Powell’s art was a continuous drive to discover heightened means to ever more enrapturing, effulgent experiences of color. His drive was to transform light into color, color into light, as if it his works were colored atmosphere and solid simultaneously. Color and form are inseparable in Powell’s very personal language of abstraction. His artistic evolution was a virtuous circle of invention and technical expertise feeding artistic expression, in turn fostering additional craftsmanly and technical exploration. His five major series of glass forms – Teasers, Whackos, Screamers, Echoes and Zoomers – all challenge the limits of their medium, and are genuinely innovative as glass, but perhaps have been mistakenly pigeon-holed solely as glass art. Powell was foremost an abstract sculptor concerned with color and movement: his delightfully individual and eccentric inventions of compelling formats for a rhapsodic experience of color may be his lasting contribution.
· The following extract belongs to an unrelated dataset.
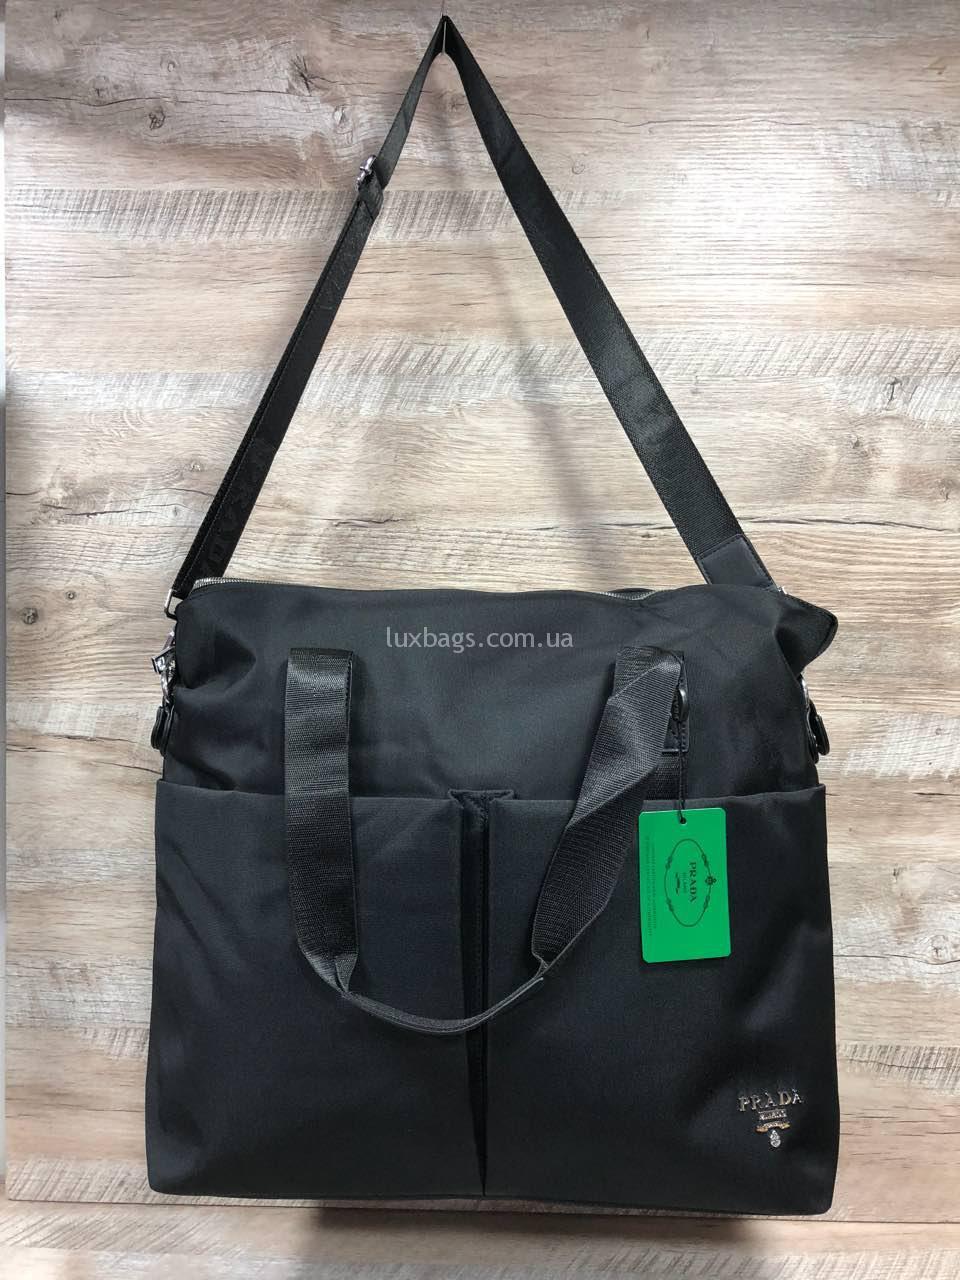 81be1cecbb91 Большая сумка Prada Прада черная женская фото

Powell’s last series were called Zoomers – panels of glass often curved to be free-standing. Described as an enlarged version of the murrini of colored glass in earlier work, the Zoomers are sheer chromatic energy, great bursts and spiral novae of color. The play of order versus chaos, so much a part of Powell’s process, is alive in these works. They evoke life at its most elemental, amoebic level.
A survey of Stephen Powell’s works is on view at Maker’s Mark Distillery. His pieces hold their own in the redolent, angel’s envy-rich environment of bourbon aging warehouses. But best of all is a Zoomer outdoors, mediating between the viewer and the landscape beyond.
Current exhibitions celebrating the life and work of Stephen Powell and his students are as follows:
“Stephen Rolfe Powell ’74: A Retrospective,” AEGON Gallery, Jones Visual Art Center, Centre College, Danville, Kentucky, through October 12th.
“Through the Eyes of the Maker: Stephen Rolfe Powell,” Maker’s Mark Distillery, Loretto, Kentucky, through November 30th.
“Legacy: The Assistants of Stephen Rolfe Powell,” Flame Run Gallery, 815 West Market Street, Louisville, Ky., through October 25th.